A bare-chested villager refilled the cup, saying, “Come and dance with us, Cowasjee Sahib! And Amulya Babu, you are not drinking at all! This is the first time people from outside the jungle have come as guests to our harvest festival. And because I insisted . I said, it’s Cowasjee Sahib and Amulya Babu who give us our roti and salt! We must repay them in our humble way!”

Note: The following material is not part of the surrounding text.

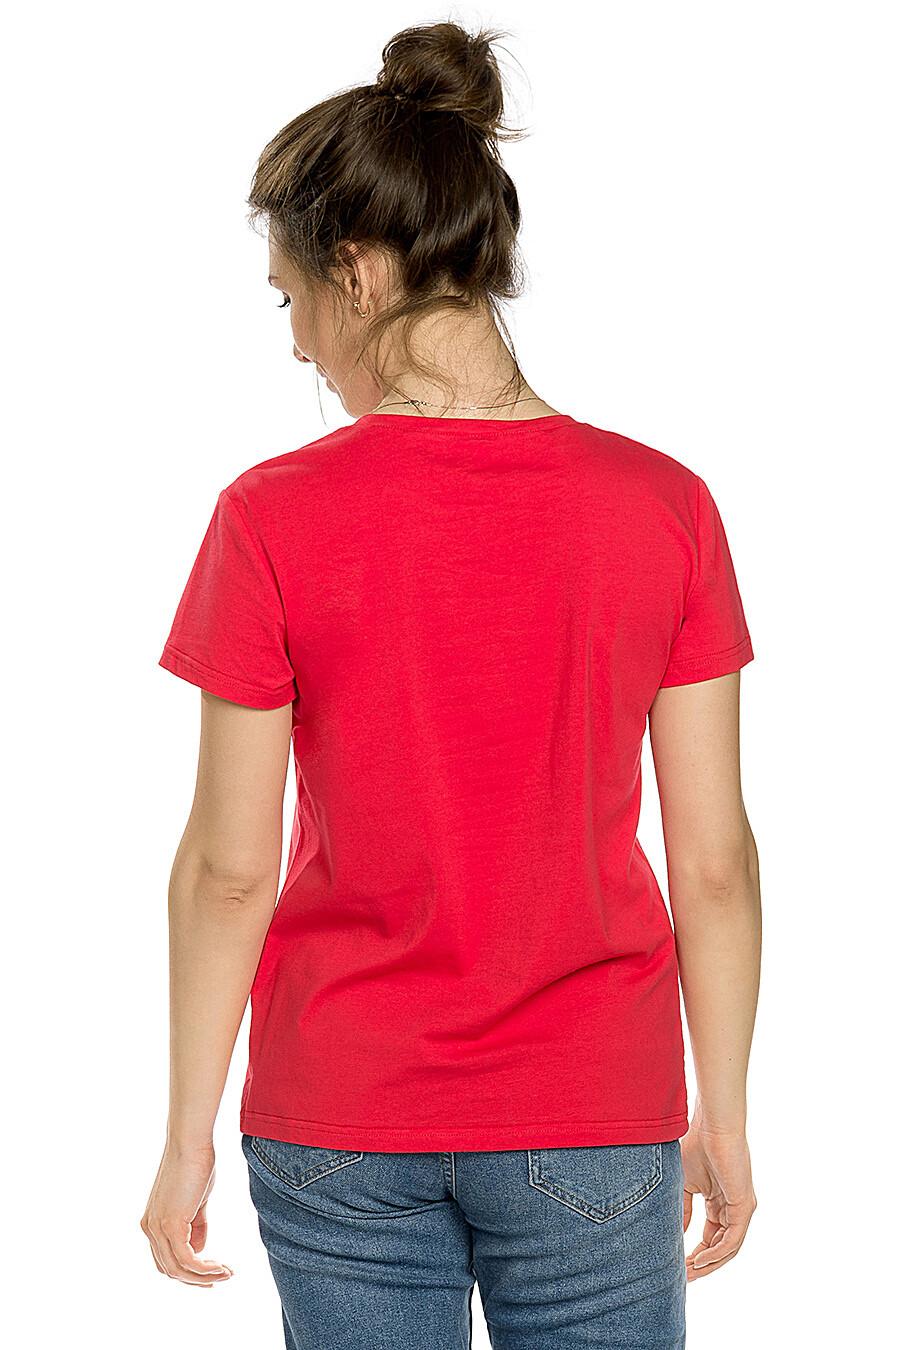 Футболка для женщин PELICAN 161357 купить оптом от производителя. Совместная покупка женской одежды в OptMoyo
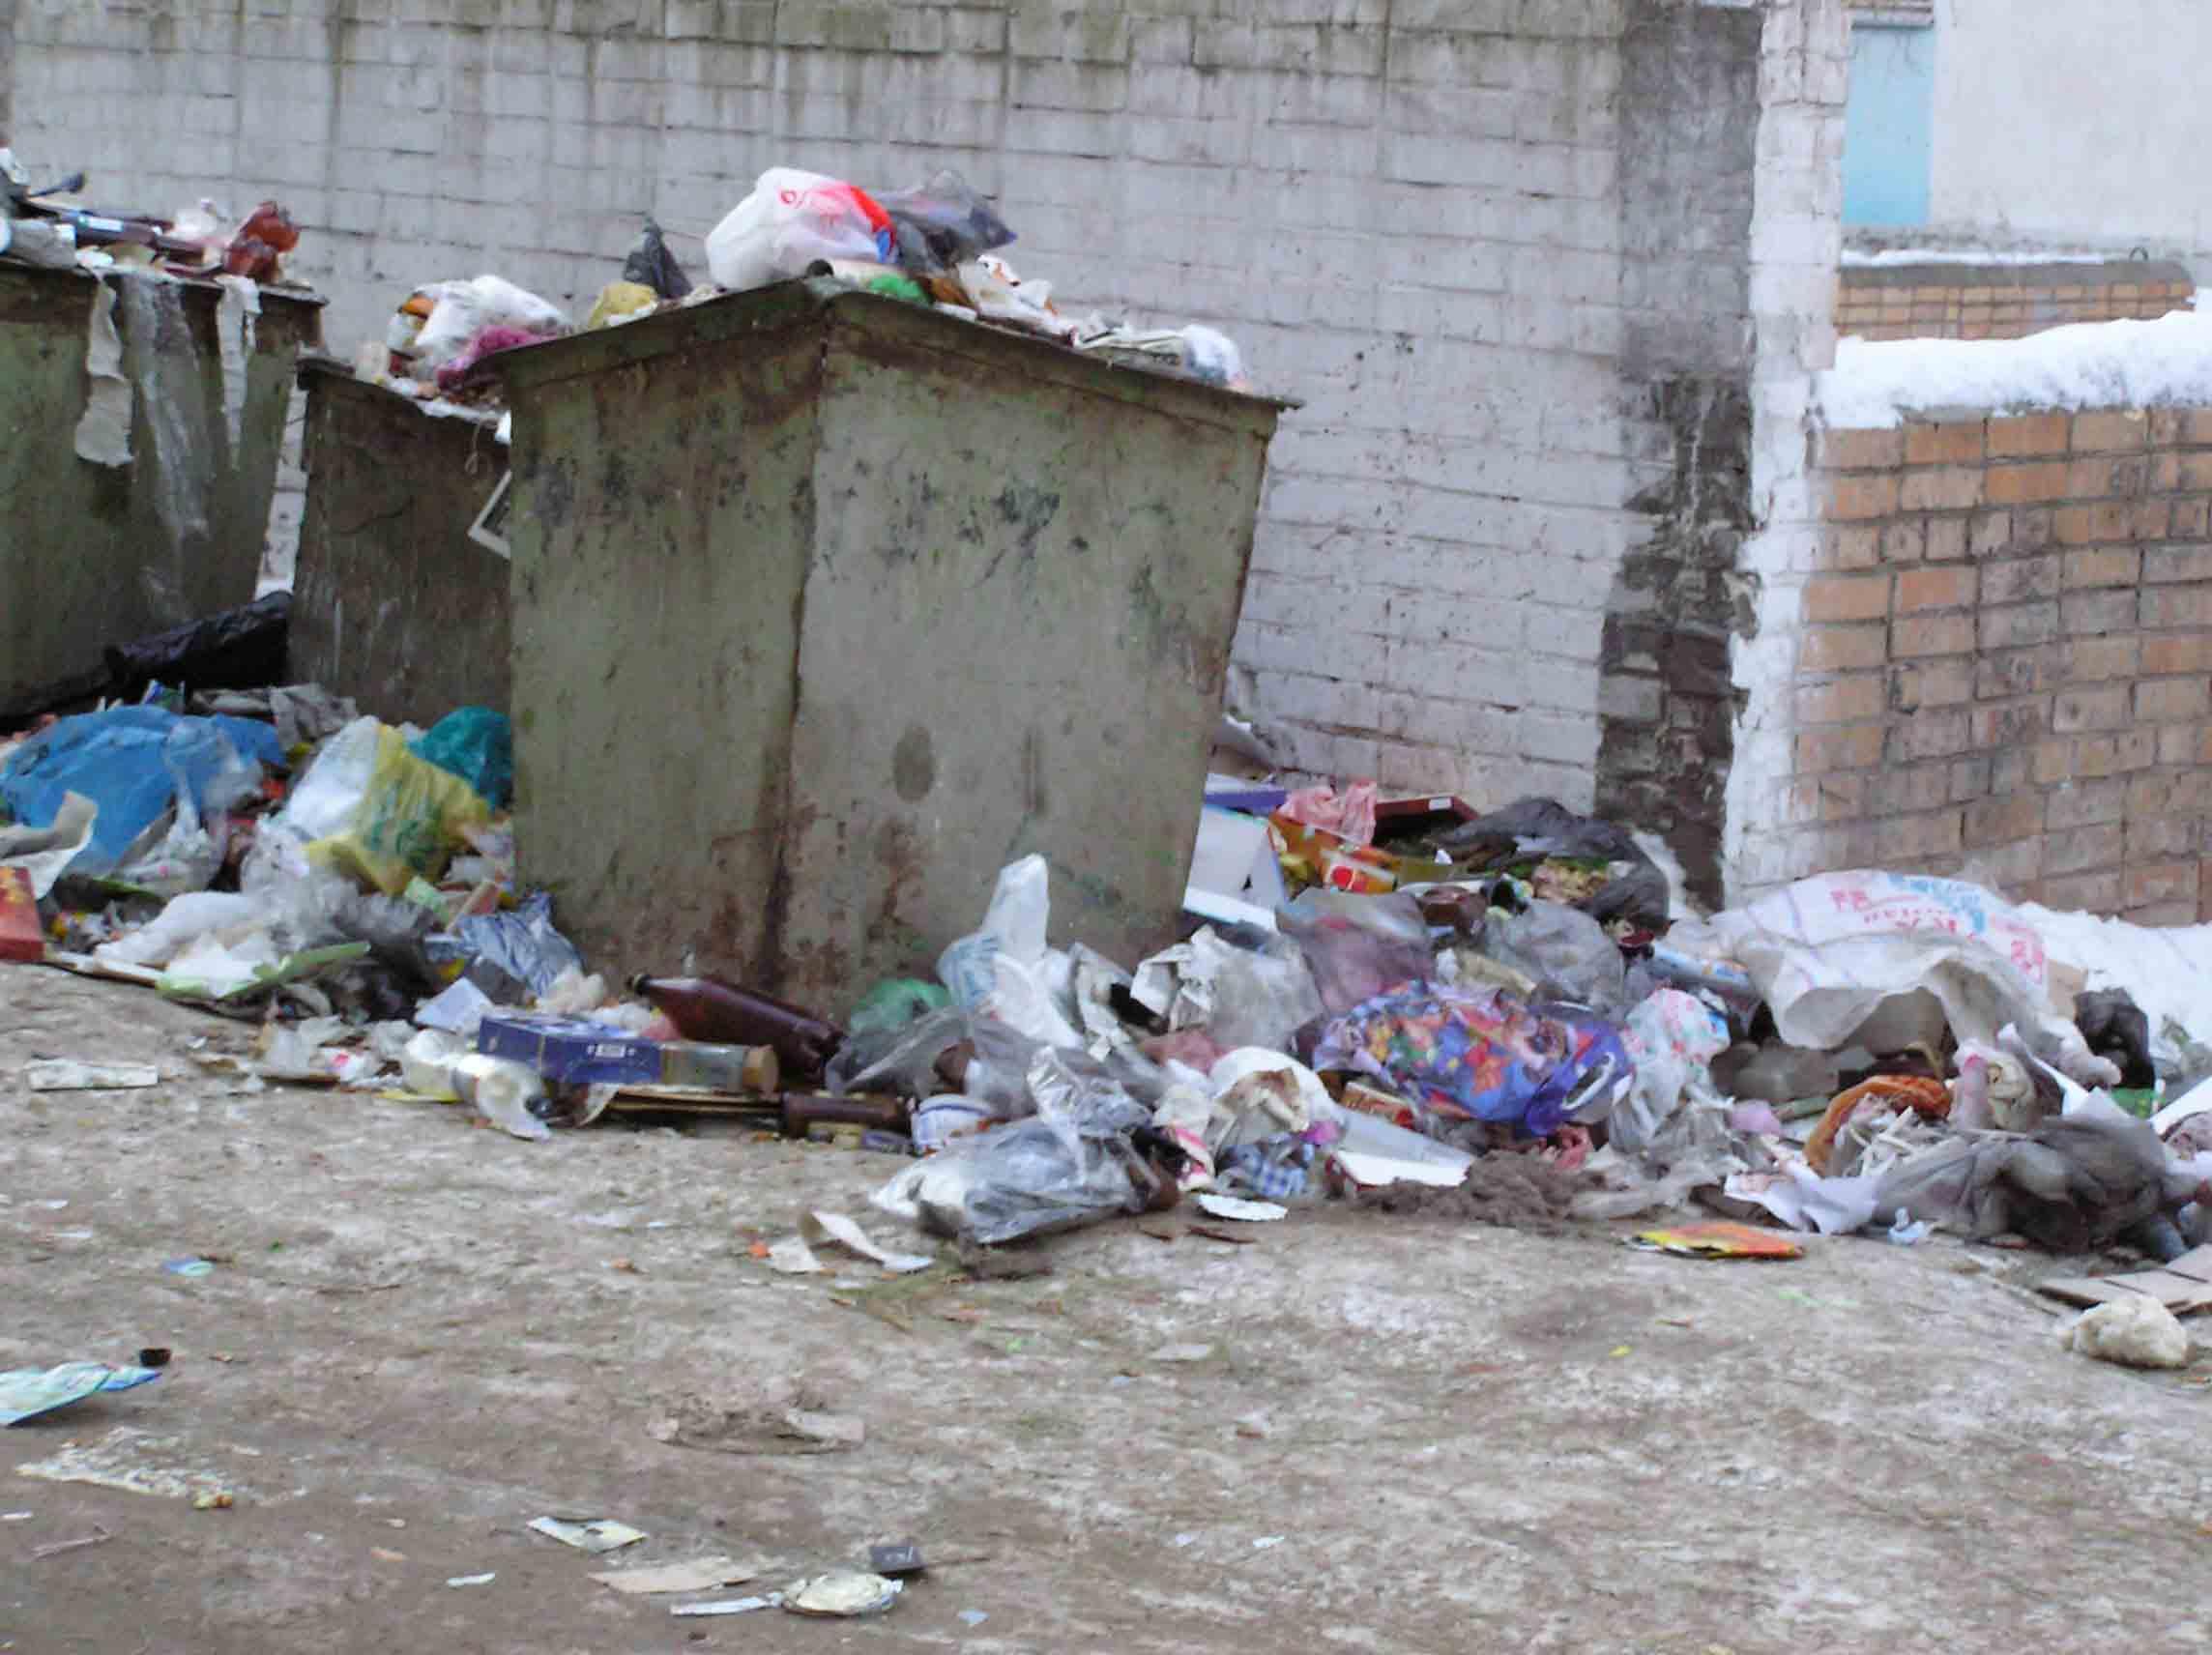 Коммунальные платежи вырастут на 15%. Виноват мусор!

A tall, hard-muscled man stood nearby, listening, lips curling with contempt as his relative hovered over the four or five friends Cowasjee had brought with him, radiating obeisance as he refilled their cups. Beyond the pool of firelight, cooking smells, and noise, the forest darkened into shadows. Somewhere, a buffalo let out a mournful, strangled bellow. The drums gathered pace, the girls linked their arms behind each other’s waists, swaying to the rhythm, and the men began to sing:

A young girl with a waist so slender that

I can put my finger around it,

Is going down to the well for water.

With swaying hips she goes.

My life yearns with desire.

My bed is painted red.

Red are my blankets.

For these four months of rain and happiness

Stay, stay with me.

Without you I cannot eat,

Without you I cannot drink.

I’ll find no joy in anything.

So stay, stay, for the months of rain,

And for happiness with me.

One of the girls in the line of dancers separated herself from her partners. She had noticed Amulya’s preoccupied expression, wondered how a man could remain unmoved by the music, not drink their wine. She came forward with a smile, her beads and bangles jingling, her bare shoulders gleaming in the firelight, orange sari wrapped tight over her young body. The toddy made her head spin a little when she bent down to Amulya. As he tried to scramble away, she stroked his cheek and said, “Poor babuji, are you too pining for someone?” She leaned closer and whispered into his ear, “Won’t you come and dance? It wipes sorrows away.”